Data excerpts:

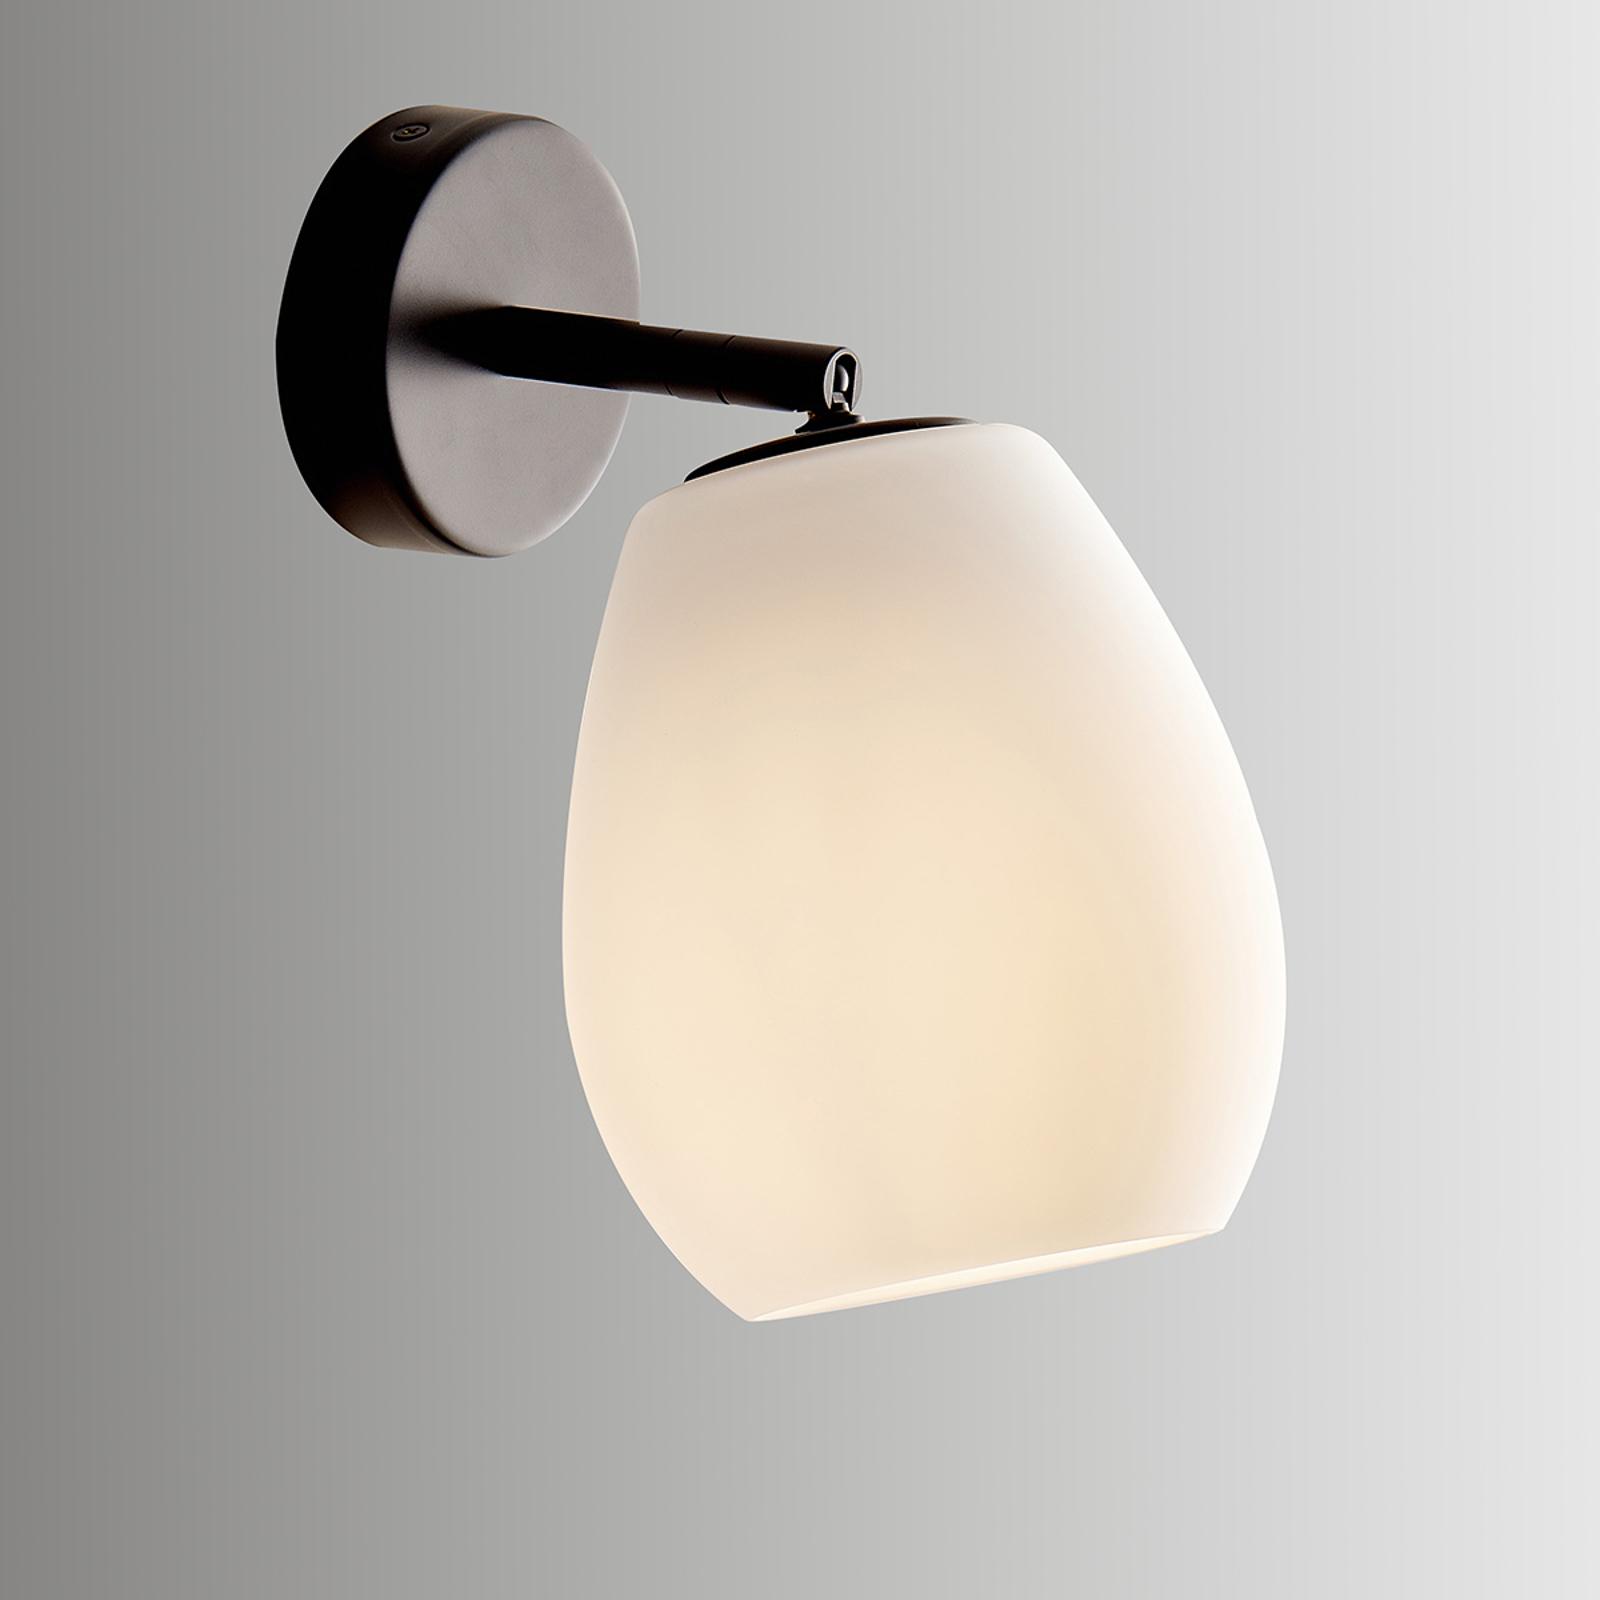 Casablanca Bagan - variabele wandlamp, opaal wit
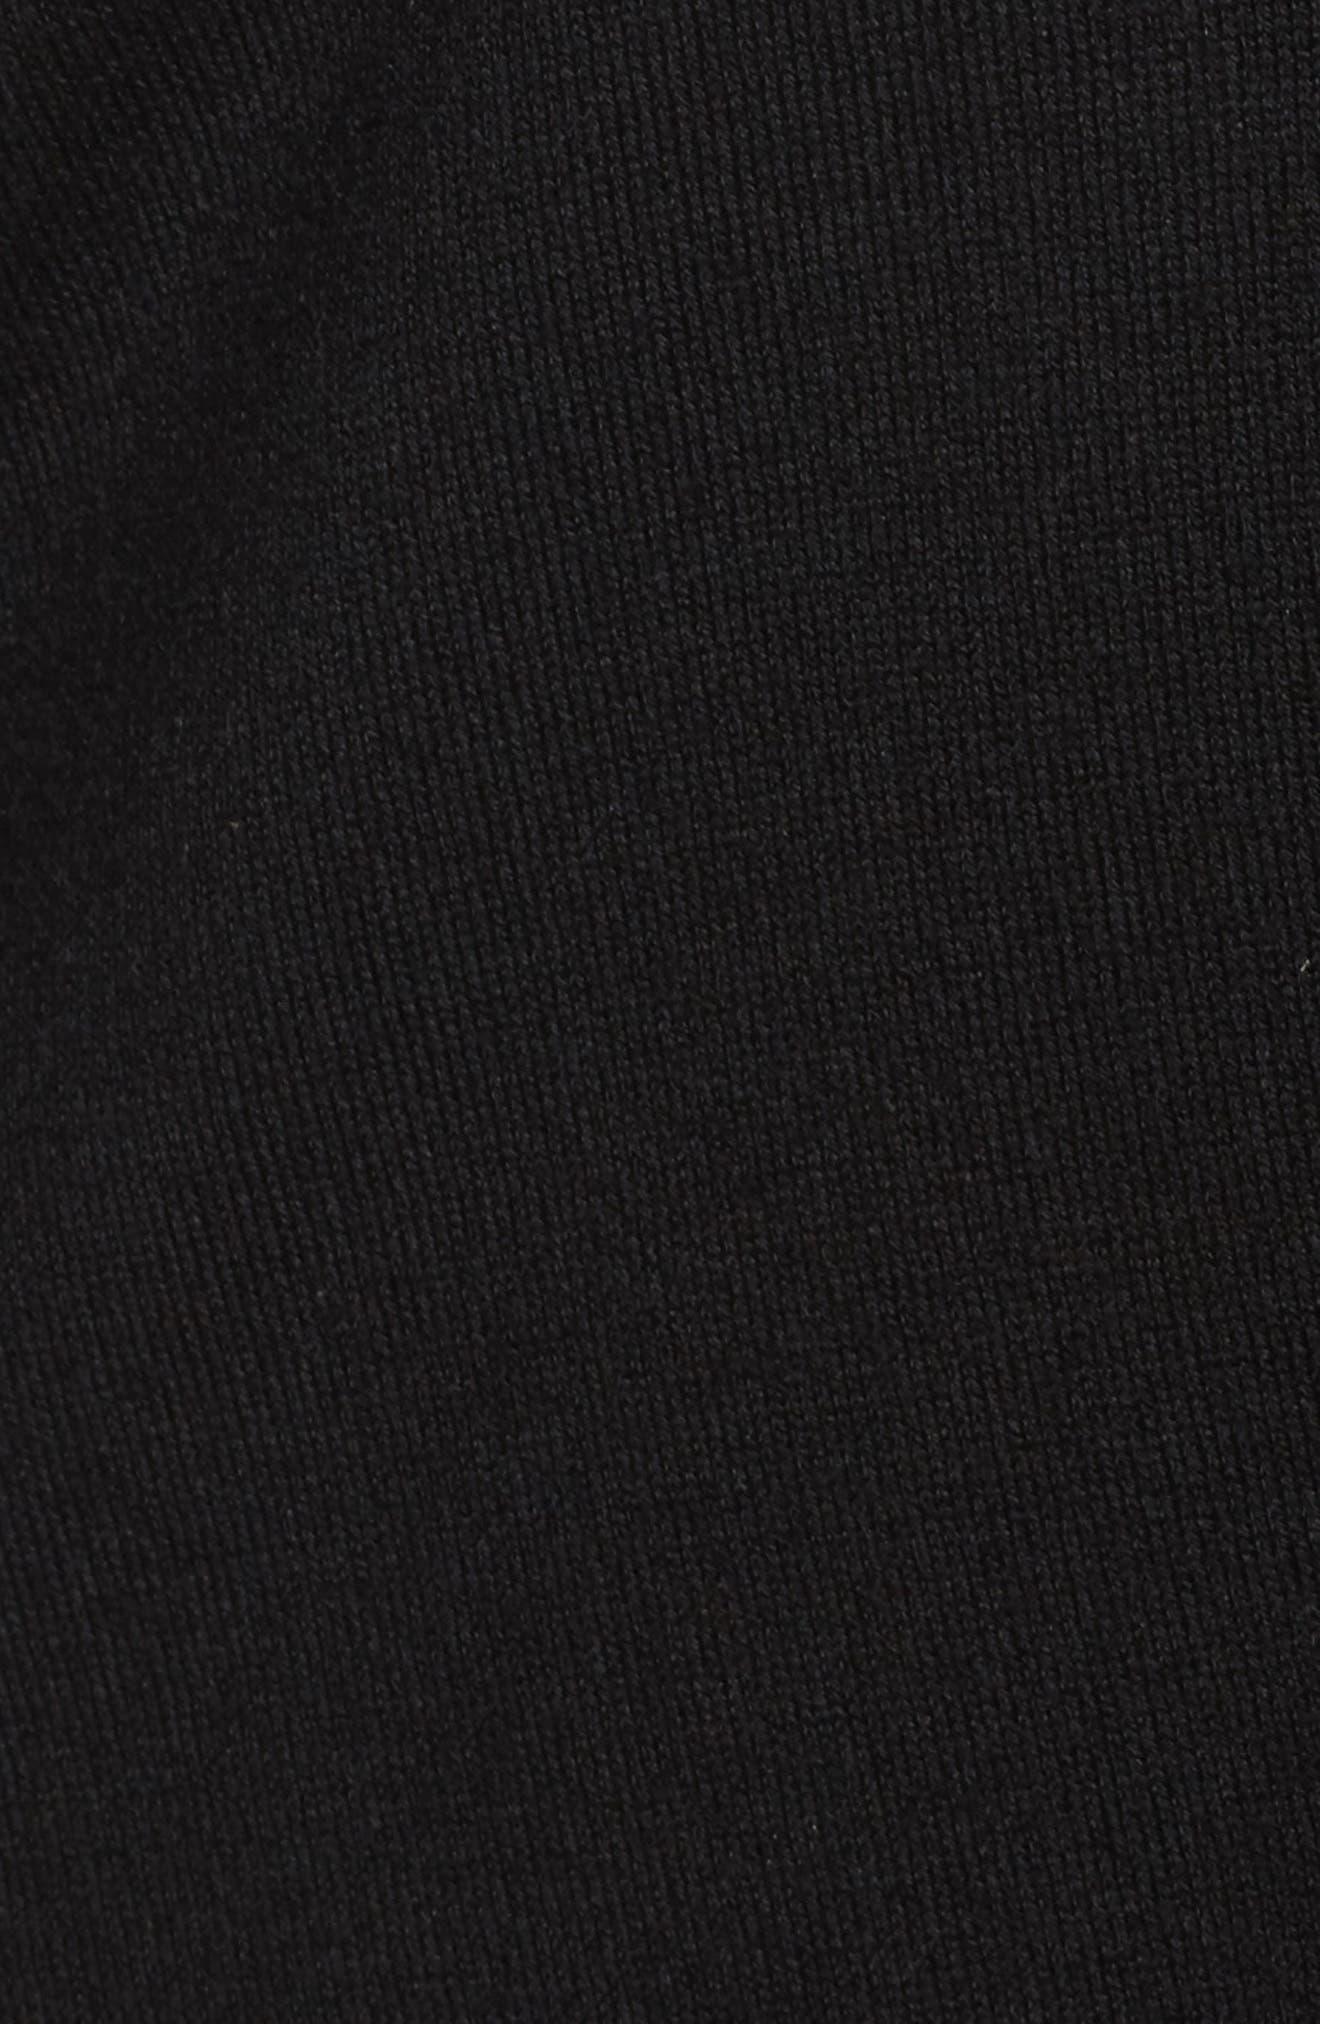 V-Neck Wool Blend Cardigan,                             Alternate thumbnail 5, color,                             Black
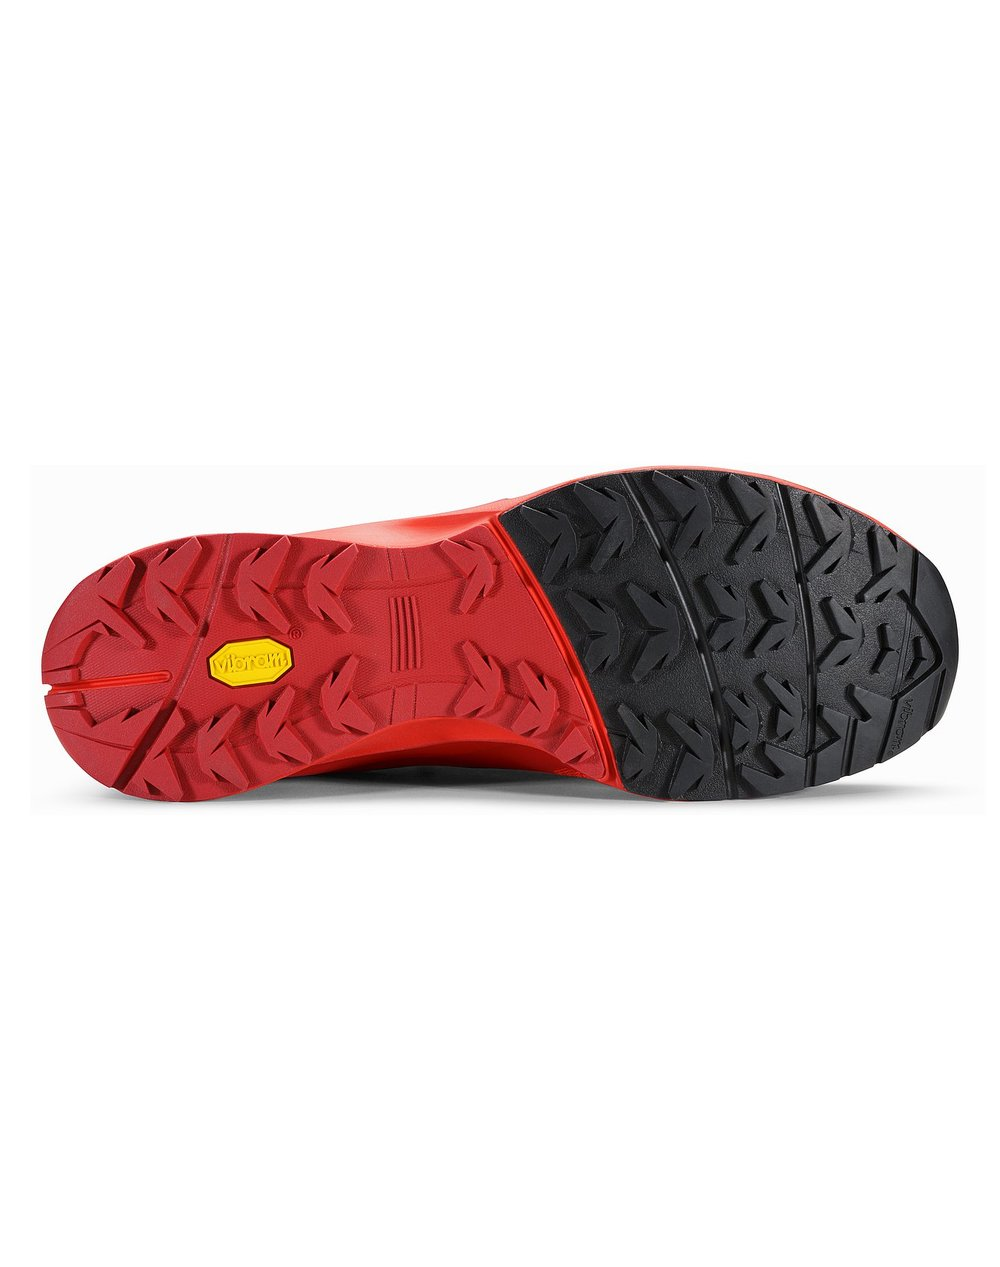 Norvan-VT-GTX-Shoe-Maple-Black-Sole.jpg
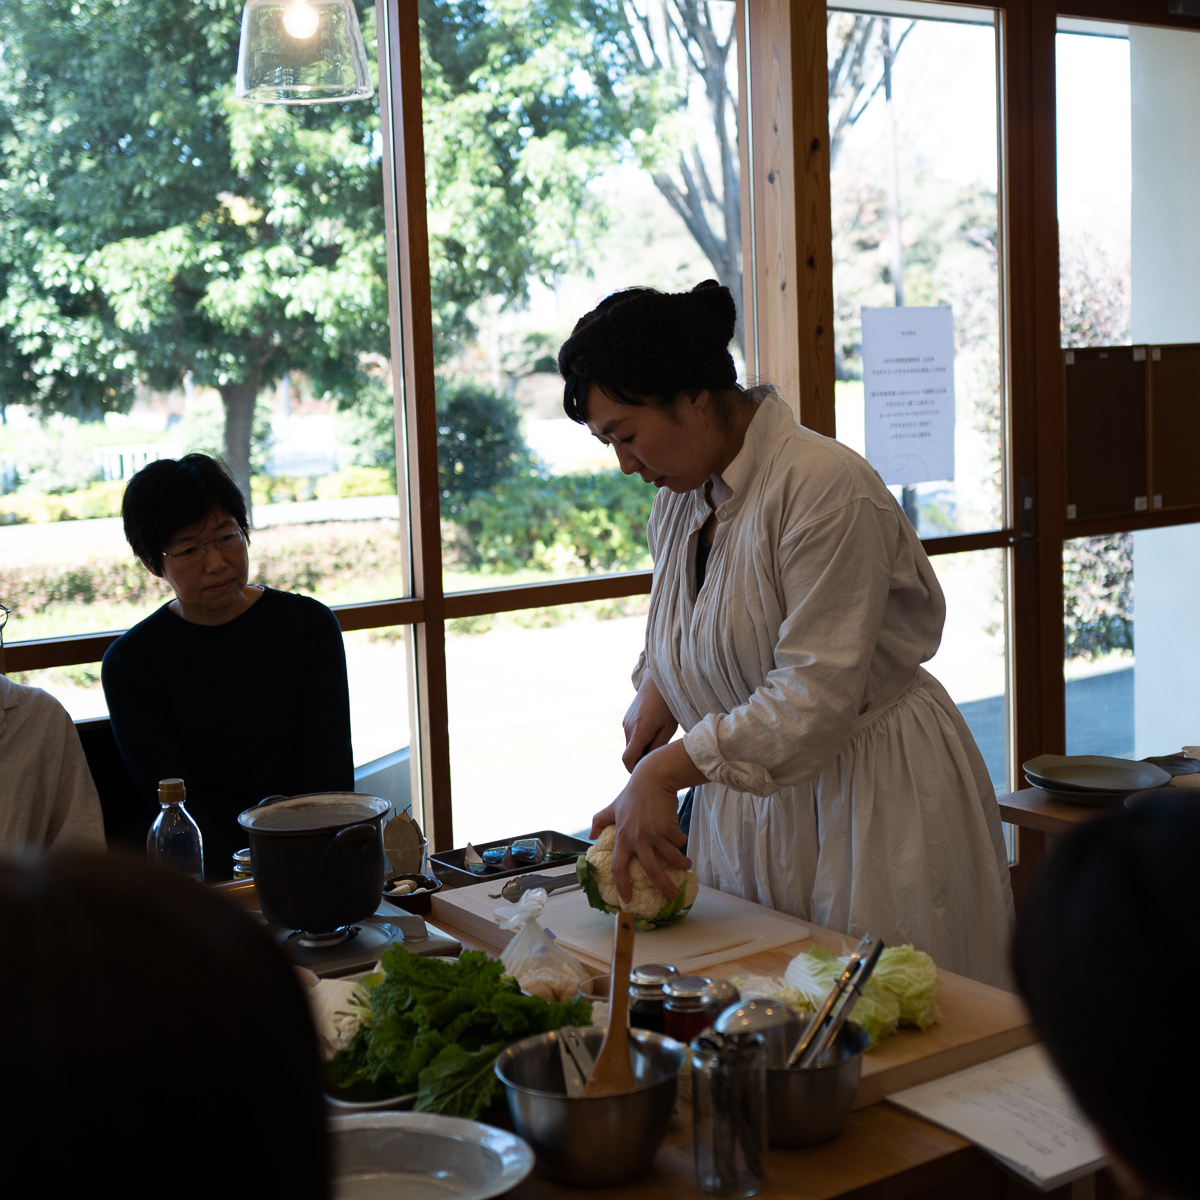 park | 【あたらしい日常料理 ふじわら 藤原奈緒さんの 料理教室と 食事会】11月21日開催
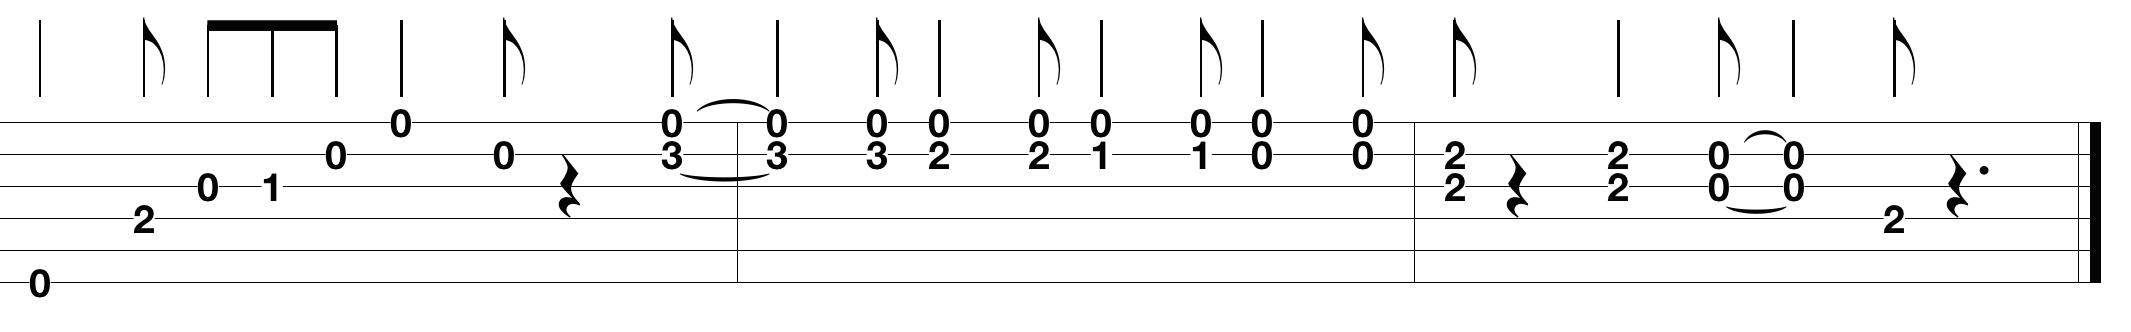 online-blues-guitar-lessons_3.png

Task instructions: Reproduce the listing verbatim, pictures excluded.

Written answer:
 Casablanca Bagan - variabele wandlamp, opaal wit
 V-Neck Wool Blend Cardigan,                             Alternate thumbnail 5, color,                             Black
 Norvan-VT-GTX-Shoe-Maple-Black-Sole.jpg
 park | 【あたらしい日常料理 ふじわら 藤原奈緒さんの 料理教室と 食事会】11月21日開催
 online-blues-guitar-lessons_3.png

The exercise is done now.